The Stars leaned heavily on Belfour again in Game 5 but took the series lead for the first time when Joe Nieuwendyk snuck behind the Avalanche defense to tip a shot from Richard Matvichuk past Roy in overtime. But Bourque came through for the Avs in Game 6 with a goal and an assist and sent the series back to Dallas.

But the Avs didn’t bring their discipline with them and paid for a pair of early penalties. On the first, Sergei Zubov demonstrated his mastery of running a penalty kill, creating more scoring chances in a minute than the Stars did in entire games worth of special teams this season and eventually sneaking a point shot past a very upset Roy.

For what it’s worth, I’m sorry the only videos I can seem to find from this part of the game are in Russian. But it’s a beautiful goal no matter what language it’s called in. And cranky Patrick Roy really does transcend all languages.

The Avs didn’t learn their lesson about putting the Stars on the power play, though, as Dave Andreychuck took a roughing penalty with 16 seconds left in the period (and I’d give my left sock to know how much it took to get a roughing in one of these ridiculously nasty series).
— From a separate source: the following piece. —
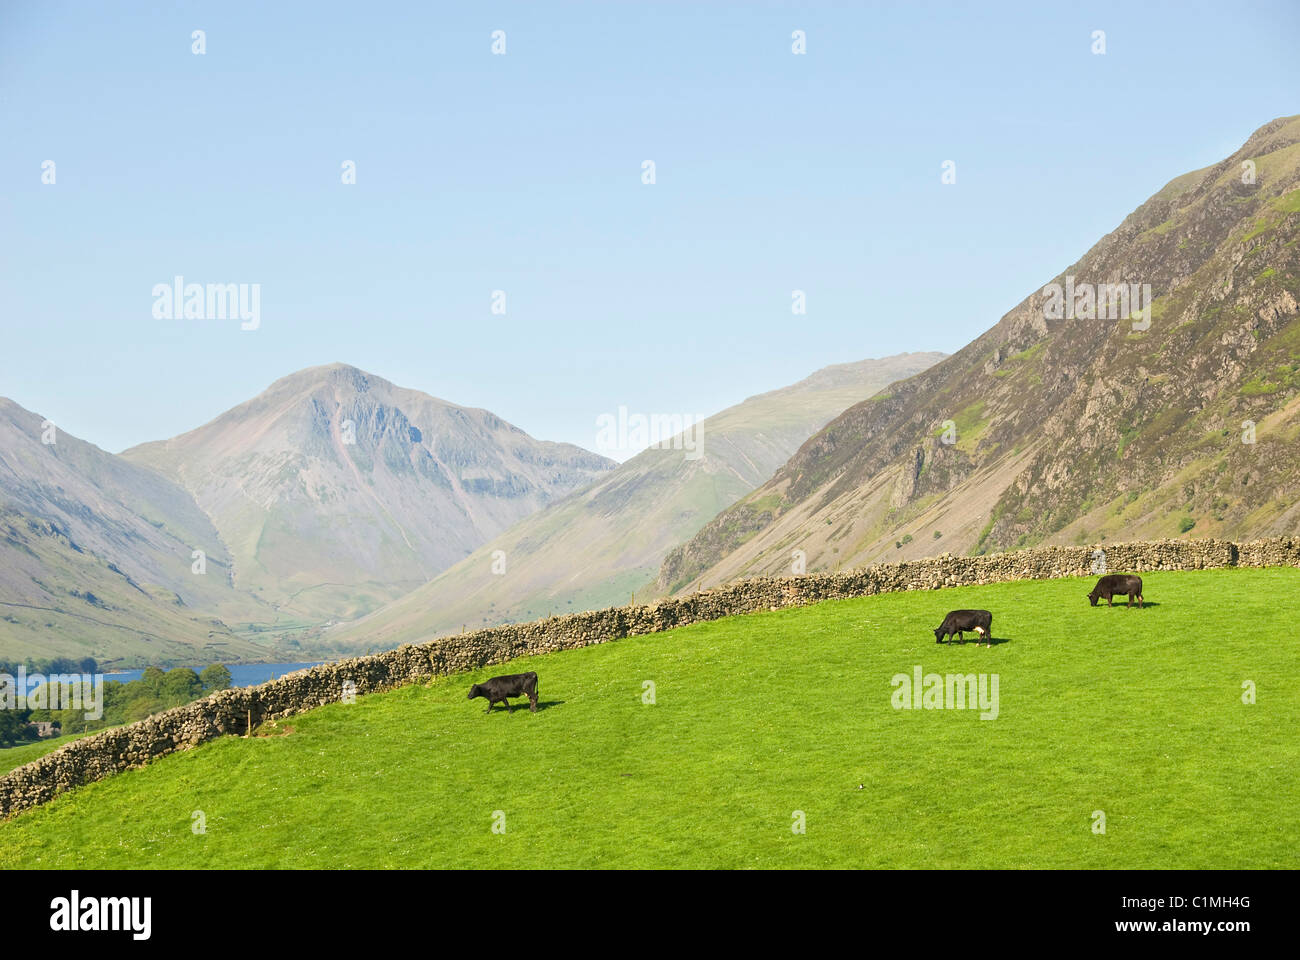 Vacche su un pascolo, muro di pietra, montagne 'grande timpano' e 'i ghiaioni', Wastwater, Wasdale Valley, Cumbria, Lake District, REGNO UNITO Foto Stock

It took about 10 seconds for Mike Modano to make him pay with the Stars second power play goal of the night.

Things only got better for the Stars in the second period, as the shot of Derian Hatcher, the backside of Mike Keane and the skate of a fallen Roman Lyashenko combined for the eventual game winner. When things like this are going your way, it’s surely going to be your night, right?

It sure looked like it would be the Stars night for the rest of the period. And the penalty kill was stellar once again, holding the very dangerous Avs to 0-for-3 and 0-for their final 17 in the series.
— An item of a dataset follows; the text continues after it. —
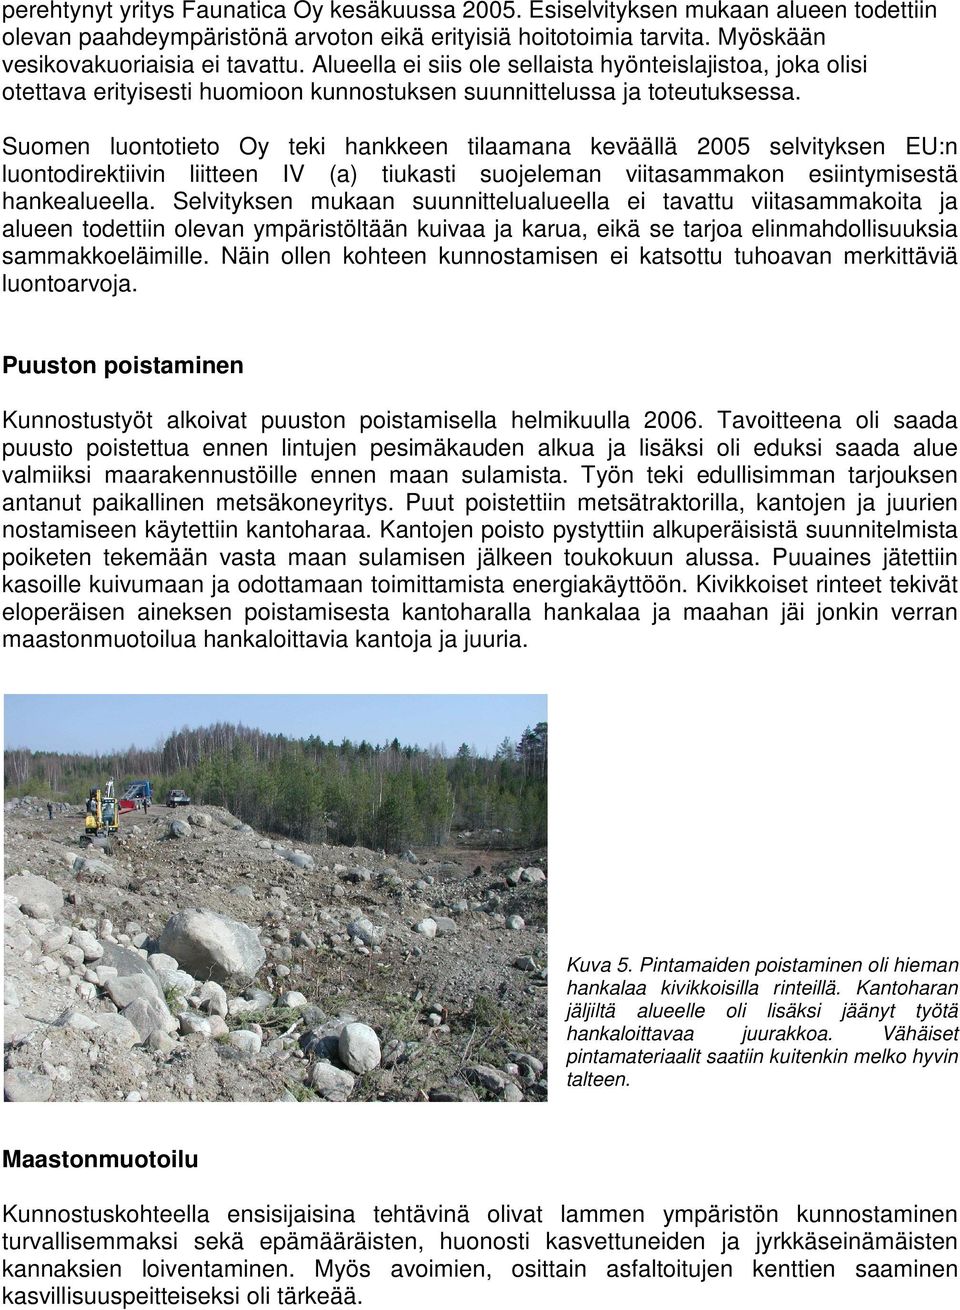 Suomen luontotieto Oy teki hankkeen tilaamana keväällä 2005 selvityksen EU:n luontodirektiivin liitteen IV (a) tiukasti suojeleman viitasammakon esiintymisestä hankealueella.

But a shorthanded situation for the Avs proved to be the turning point. Peter Forsberg, likely free of his Matvichuk-shaped shadow because of the Stars power play, beat Belfour a little more than five minutes into the third. Milan Hejduk tipped home a Bourque shot three minutes later, and a white-knuckle finale was on.
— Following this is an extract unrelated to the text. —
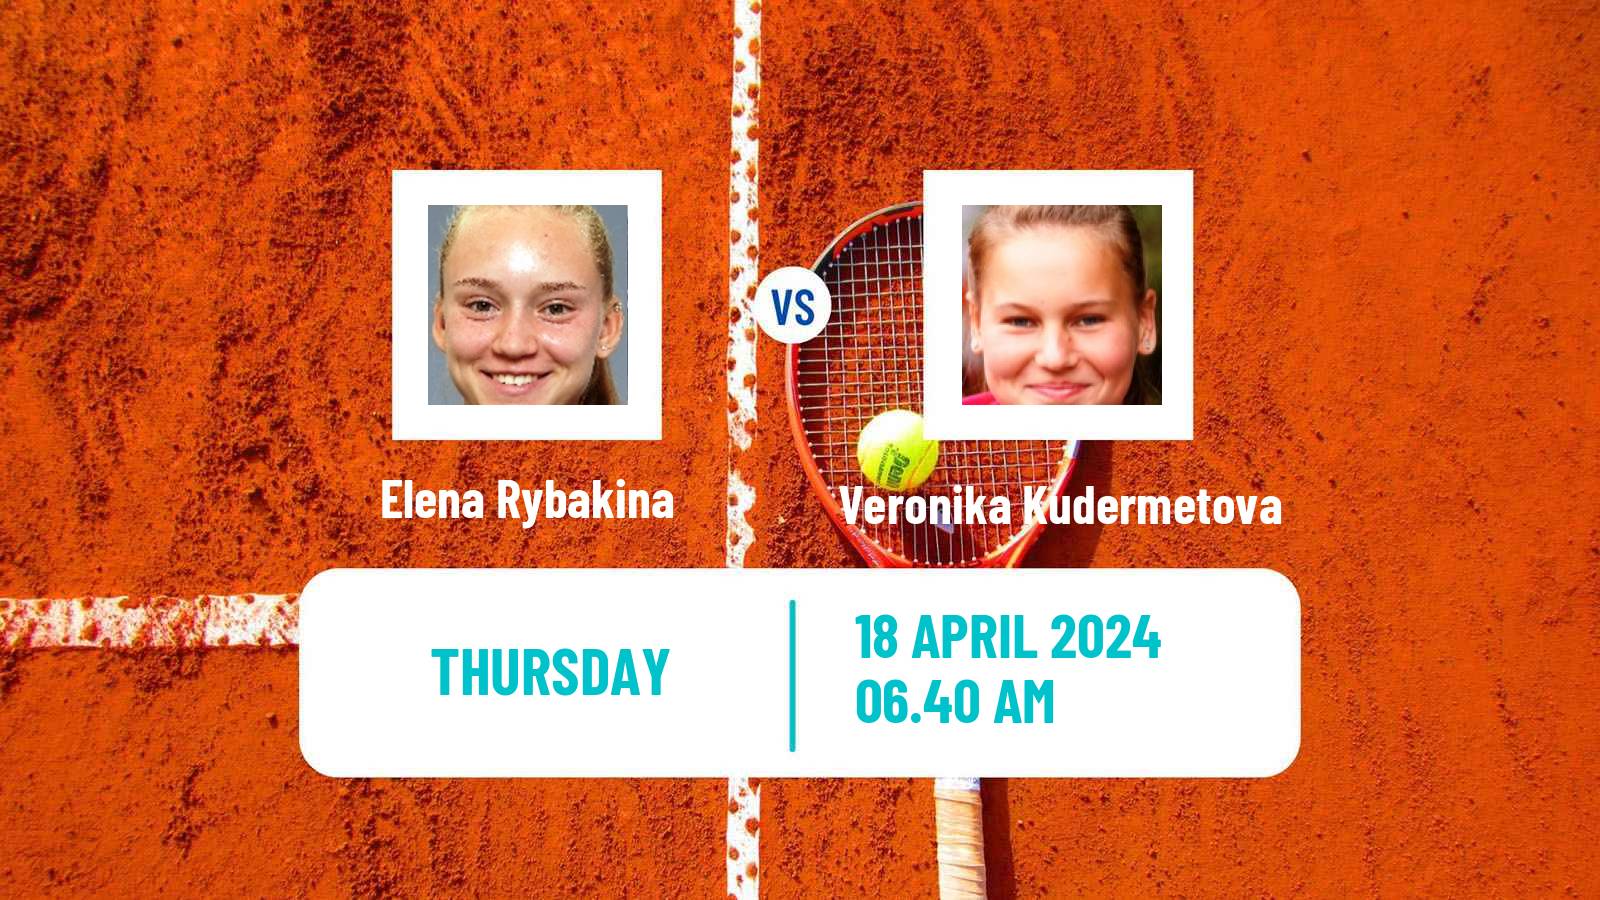 Tennis WTA Stuttgart Elena Rybakina - Veronika Kudermetova

As we mentioned in a Top Moments post from last weekend, this was the game that started the “Eddie’s better” chant. And he completely deserved it. The Stars did manage to hold the Avalanche mostly at bay before the final minutes, when an extra attacker created havoc in the Stars end. But Belfour, unlike Roy, stayed calm and in position, keeping nearly everything in front of him. Sure, he got a little luck from the post, but he also caught a part of that Bourque shot with his hip and deflected it away from the net behind him.

In the end, it was a 3-2 victory in the game and a 4-3 victory in the series for the Stars. It was the last time they’d hoist (or, er, stand awkwardly next to) the Clarance Campbell Bowl, not that we knew that at the time. And it felt somehow more improbable than 1999, when the Stars were the President’s Trophy winners and had the sense they were on the verge of a breakthrough.

This time around, it was the Avs who were supposed to be that team of destiny carrying Ray Bourque to that long awaited Stanley Cup title so that his name and number could forever hang in the rafters alongside other long-time Avalanche greats. The Stars were injury plagued and, although they were defending Stanley Cup champions, their experience and age was looked on as a negative since they had played well into the summer the previous year.

In fact, the Stars became one of only two Stanley Cup champions since the most recent repeat winner to make it back to the Finals the next year, joined by the 2001 Devils and 2009 Red Wings. It’s ridiculously hard to repeat as champion, and even in the era of Stars, Wings, Avs and Devils dominance, the defending champs only made it back to the Finals once – the back-to-back titles by the 1997 and 1998 Wings.

Sure, that season might not have ended with Hatcher hoisting the Cup above his head. But the ride to get so close, especially the thrilling victory over the Avalanche, shines just the same.